Rick Pointer, professor emeritus of history at Westmont, has written a biography of Papunhank, a little-known Munsee reformer and Moravian leader. The work illuminates the turbulent middle decades of the 18th-century during which Papunhank doggedly maintained an unwavering love of peace. “Pacifist Prophet: Papunhank and the Quest for Peace in Early America” (University of Nebraska Press) gives voice to an important element of 18th-century American Indian thought and intellectual tradition.
“I suggest that many of us continue to live with a kind of misimpression about American Indians as always warlike,” Pointer says. “Part of correcting that misimpression is illustrating and giving examples of American Indian peacemaking and peacekeeping strategies through the story of one Indigenous leader who most have never heard of.”
Pointer’s work didn’t come without its share of challenges, with one of the biggest being the loss of most of his notes.
In 2008, Pointer lost most of his early research notes in the Tea Fire that destroyed his Las Barrancas home.

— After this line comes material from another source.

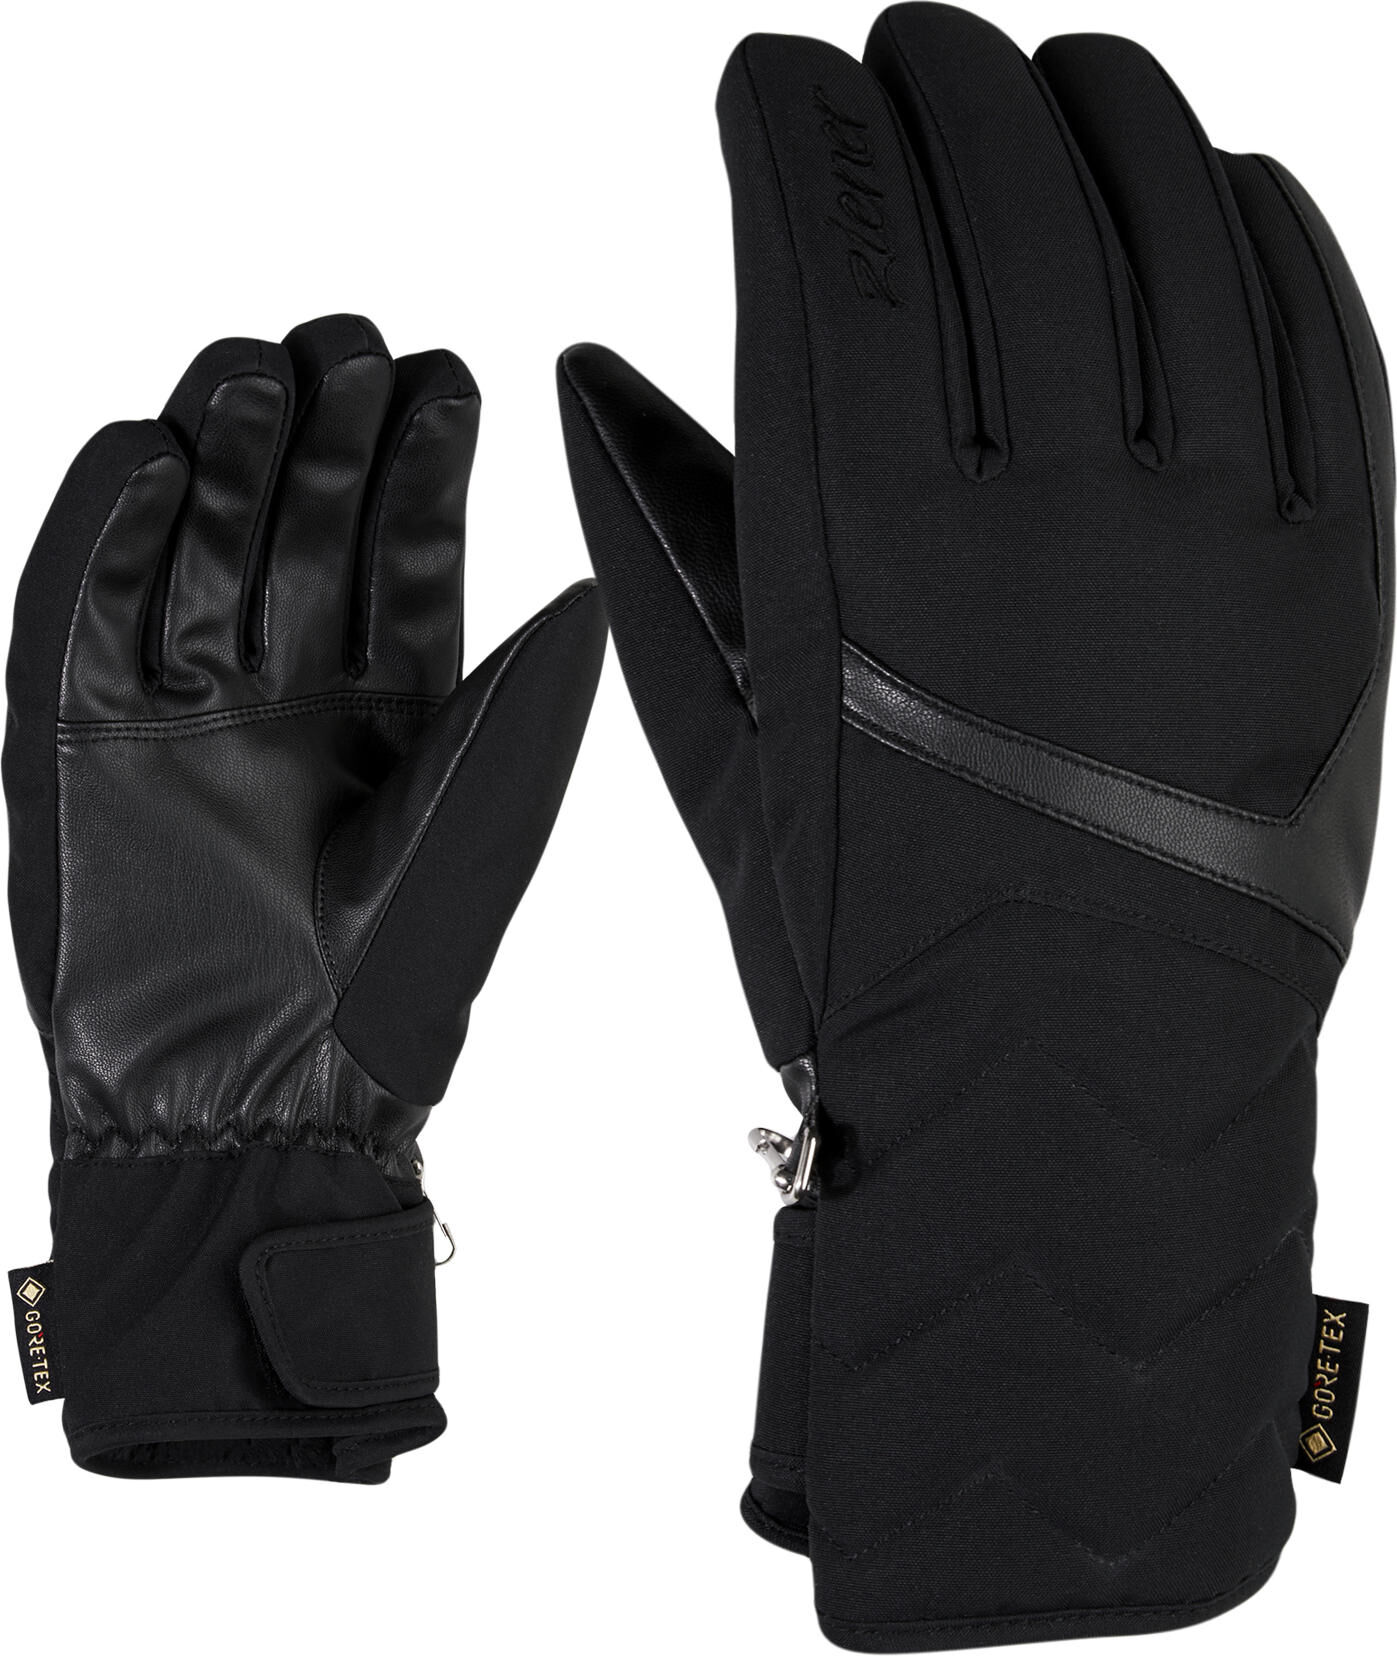 Ziener Kyrena GTX Lady Glove black (12) 7,5

Pointer also served as acting provost at Westmont from 2009-2011 and led several Europe Semesters, further delaying his work.
The average American is likely familiar with only two Native Americans from the colonial era: Pocahontas and Squanto, according to a school news release. “They are about as atypical of Native persons in early America as we could come up with,” Pointer says. “The book raises larger questions and issues about who and what gets included in our retelling, recovery and reciting of American history. This missing piece speaks into our propensity to perpetuate incomplete and sometimes racist conceptions of Native peoples.”
As with most 18th-century Indigenous persons, little physical evidence remains of Papunhank’s existence. “When you write a biography, typically you’d have a lot of material written by that person as well as documents in their handwriting,” Pointer says. “I found only two documents that have his name written on them with a symbol that shows he was a member of the turkey clan within the Munsee tribe. These are the only tangible pieces or material objects of any sort that have survived.”
Much of what we know about Papunhank comes from government documents, such as minutes of treaties, conferences, letters to and from political and military officials, legislative proceedings and diplomatic dispatches. Religious sources, such as Quaker and Moravian letters and diaries, provide the rest of the information.
“Petitions, pamphlets and meeting minutes offer a particularly good basis for tracking his political and diplomatic dealings as well as his religious thought and practice,” Pointer says. “But thanks to the Moravian discipline of having their congregations keep daily diaries, and their missionaries write frequent letters, there’s also much rich information about the practical realities of Papunhank’s life from 1764-75.”